If we assume that the pattern matcher gives us the list of Atoms for which f(\$X,\$Y) has a truth value significantly larger than zero, then we can just take these Atoms and calculate the integral specified above using their truth value information. Done deal.

However, this doesn't necessarily give us the answer we need. This can be used to calculate what percentage of tuples are explicitly recorded in the Atomspace to fulfill the given predicate. In some cases this is what is desired, because we can assume that enough inference has been done that, if a tuple fulfills the predicate to a significant degree, this will already be recorded in the Atomspace. If so, then direct evaluation is not so hard -- it basically involves running the pattern matcher then doing some calculations based on the results.

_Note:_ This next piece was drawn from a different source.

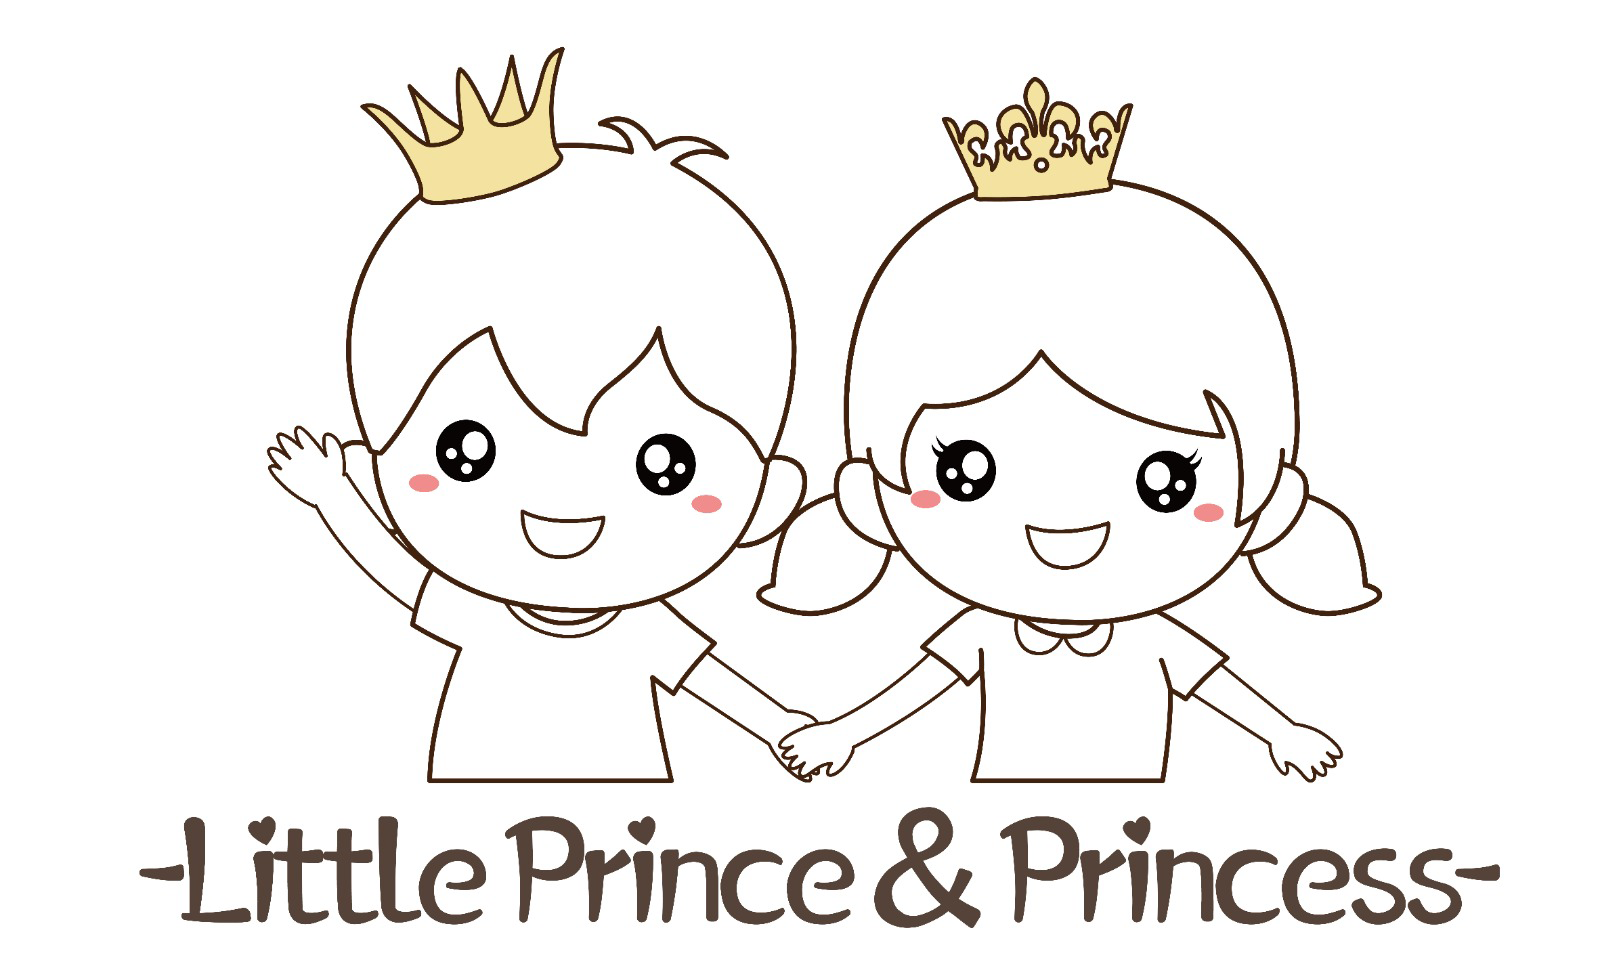 Little Prince & Princess

On the other hand, the subtler case arises when we want to consider also Atom-tuples for which the truth value of the given predicate has not been evaluated before (or if it has been evaluated before, the result has not been stored in the Atomspace). This is the more general case for AGI-ish applications.

## The Harder Case, where Much Relevant Knowledge is Implicit

In the more difficult case, for each tuple (\$X,\$Y) under consideration, at least little bit of inference must be done to figure out the degree to which the predicate applies to (\$X,\$Y) . We then have an inference control problem: How to guide inferences across the Atomspace, in such a way as to get a good estimate of the degree to which a predicate holds on average across the Atomspace, even when the predicate has not necessarily been evaluated that widely across the Atomspace yet.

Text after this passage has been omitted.